→ Your assignment
For the records below, please print exactly and only the lines from the one with "Телевизор Philips 43pft4203/12 (131092020)" down to the one with "Cody James Men's", both ends included, omitting the pictures.

→ Available records
▼

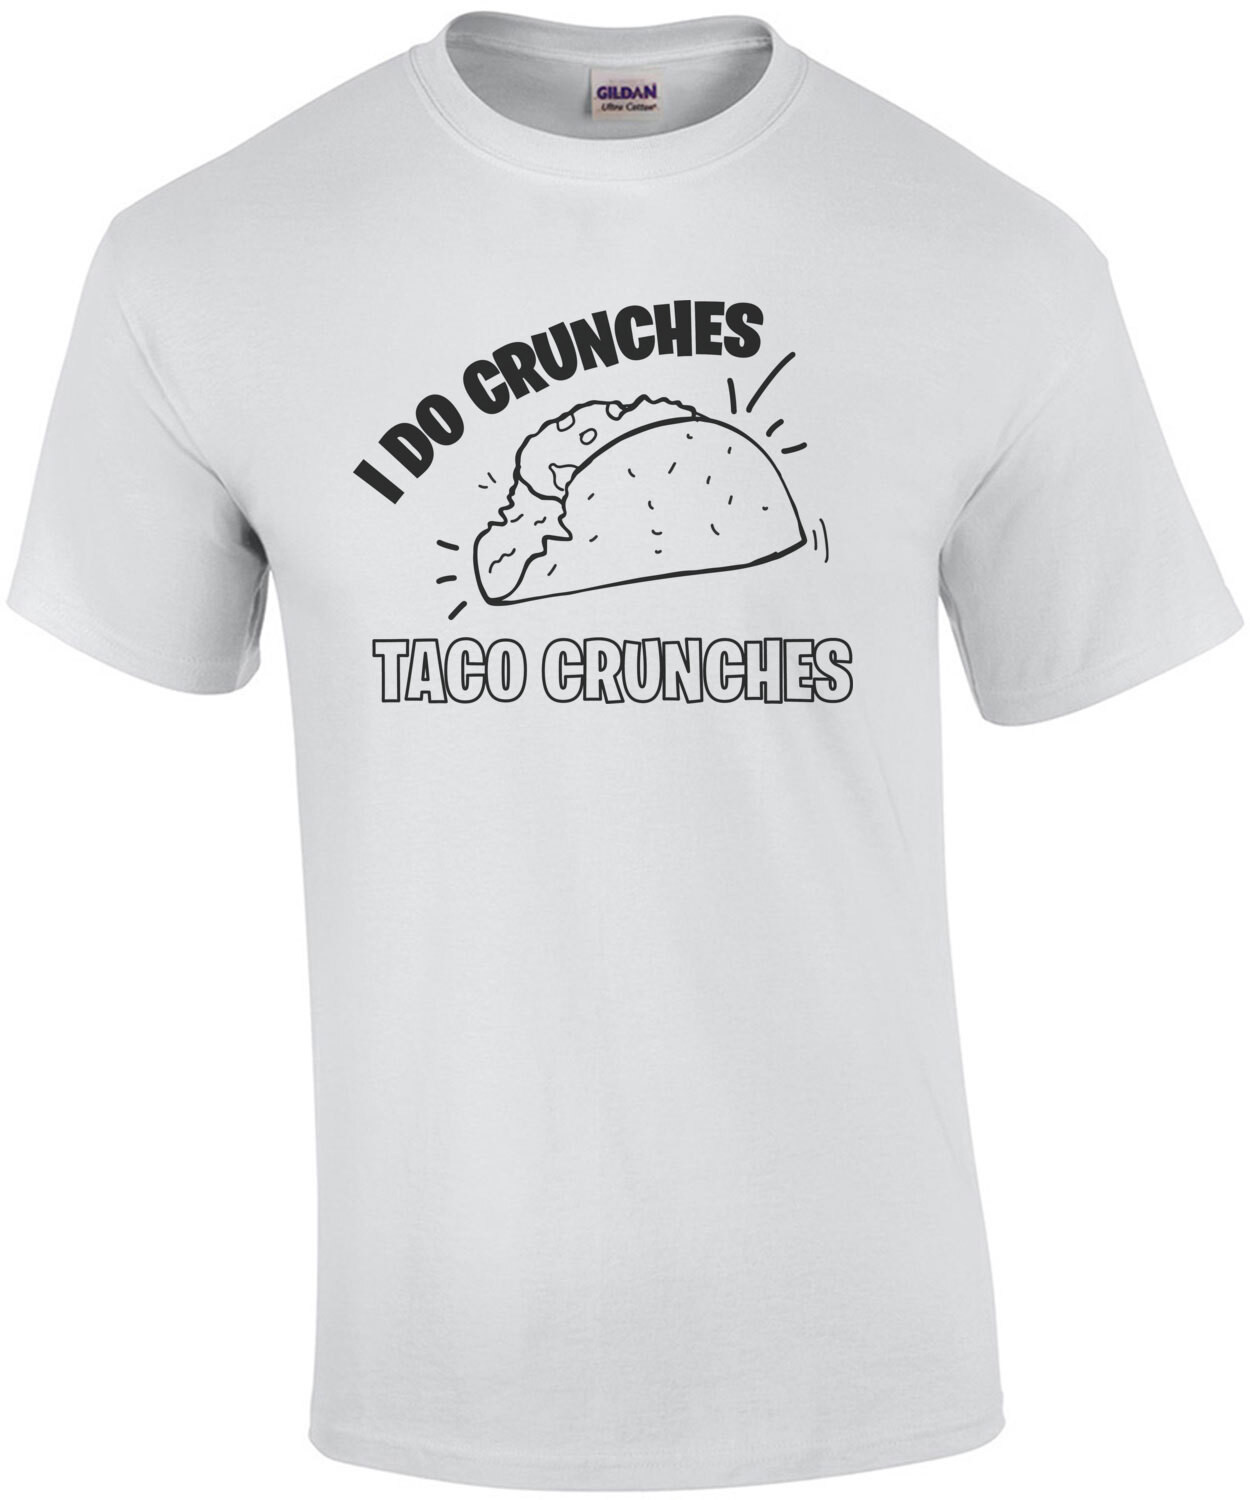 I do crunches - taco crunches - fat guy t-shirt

▲
▼

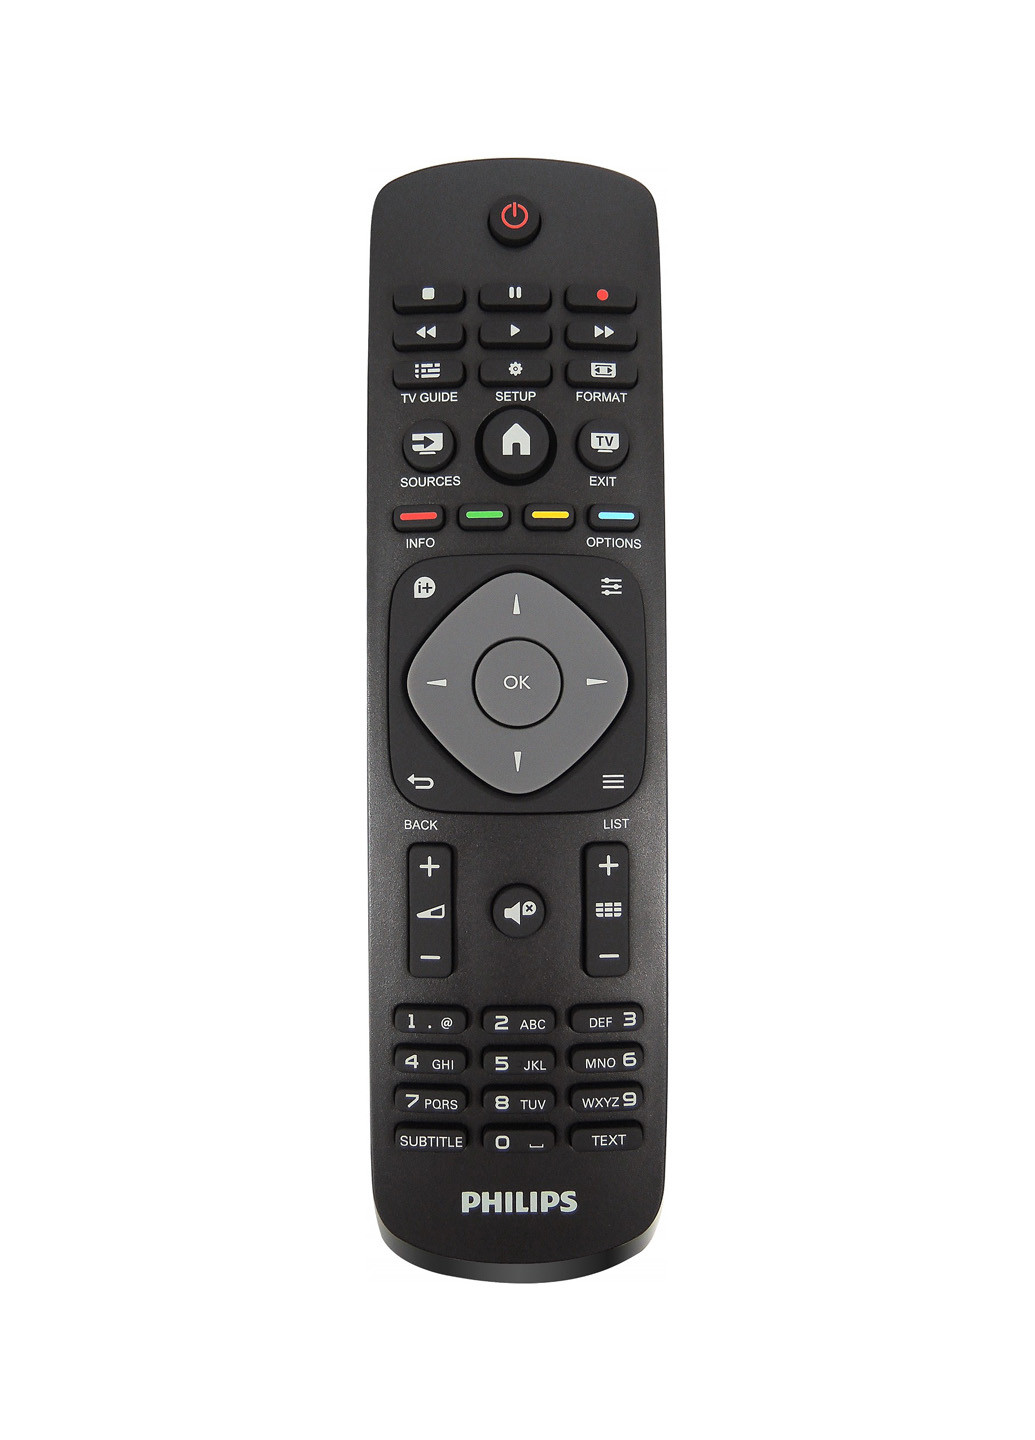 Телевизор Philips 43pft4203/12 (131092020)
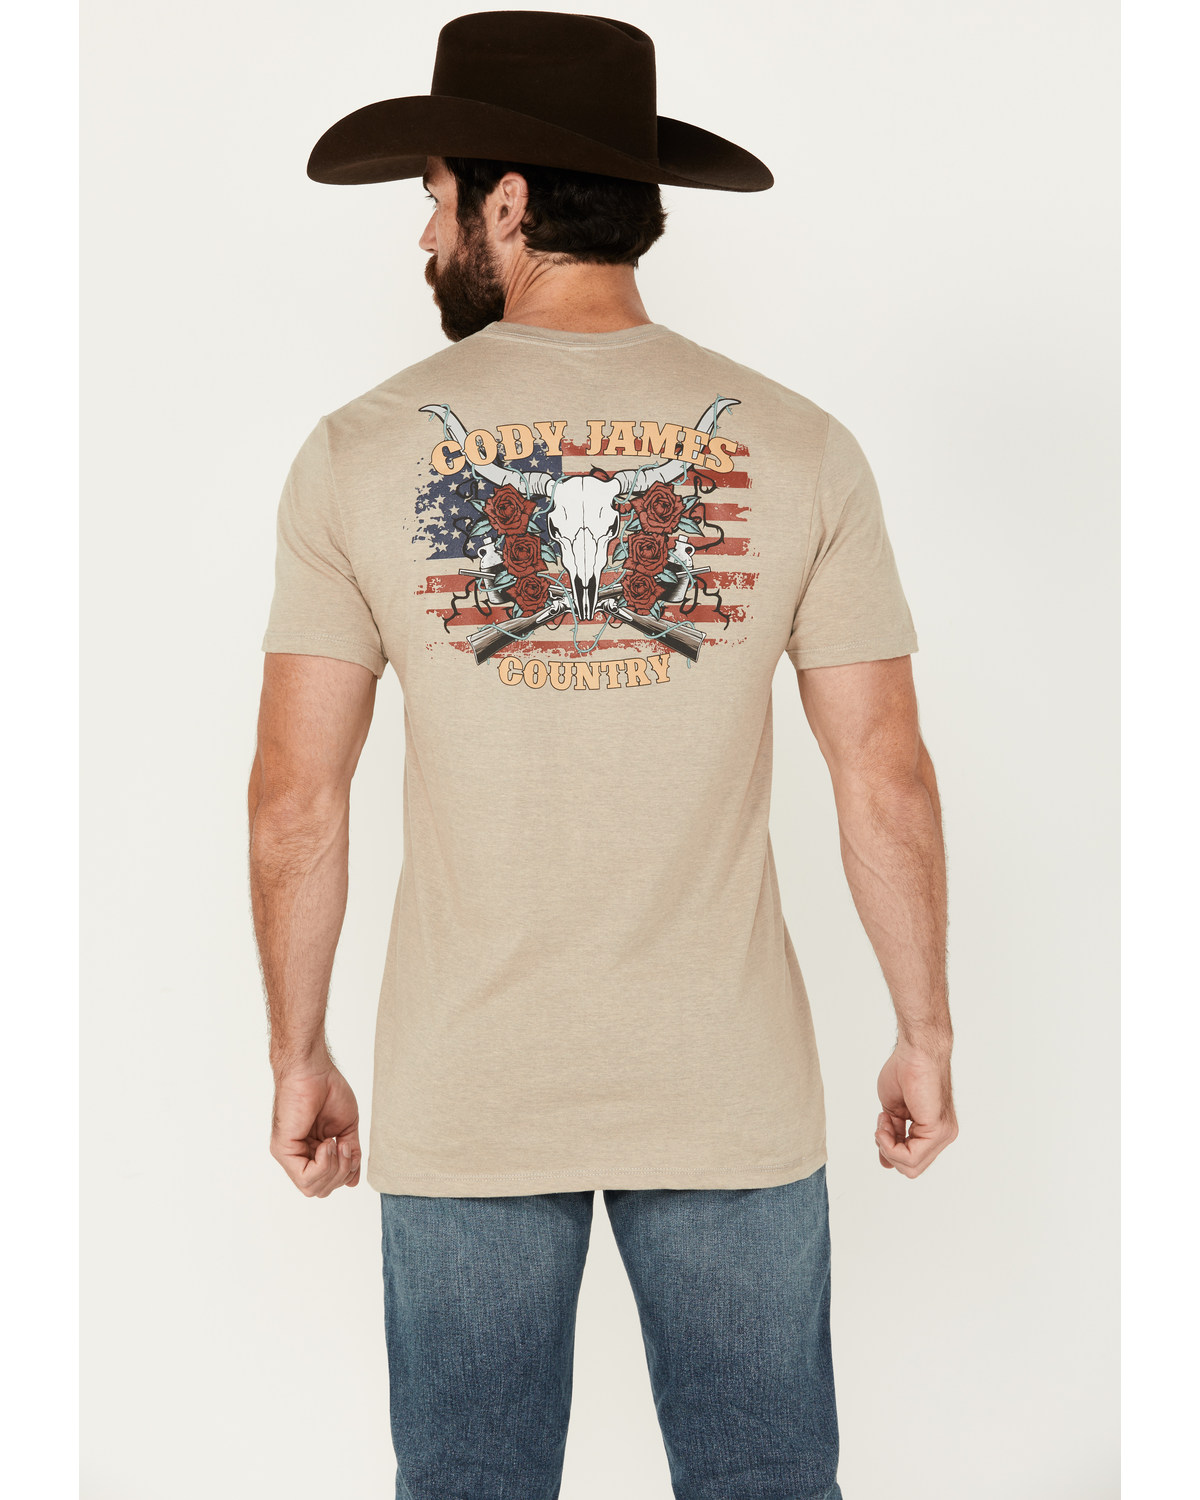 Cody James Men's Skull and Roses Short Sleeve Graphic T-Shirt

▲
▼

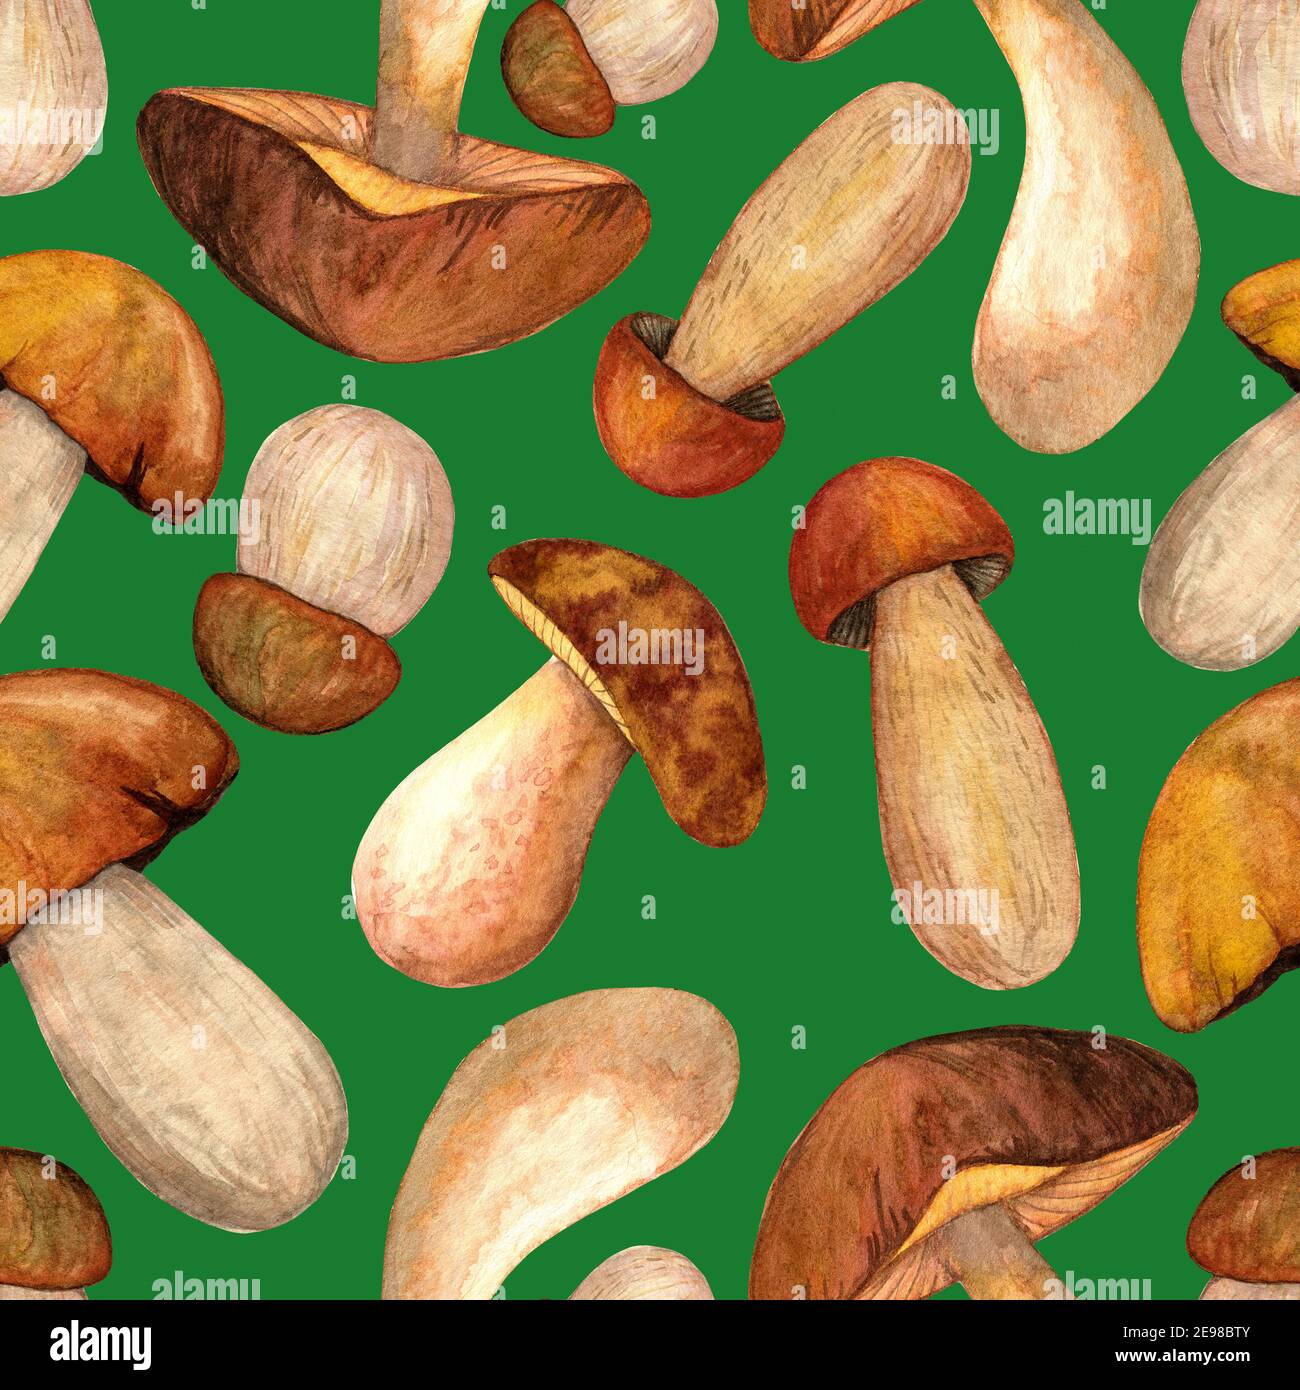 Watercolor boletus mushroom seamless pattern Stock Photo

▲

→ Task result
 Телевизор Philips 43pft4203/12 (131092020)
 Cody James Men's Skull and Roses Short Sleeve Graphic T-Shirt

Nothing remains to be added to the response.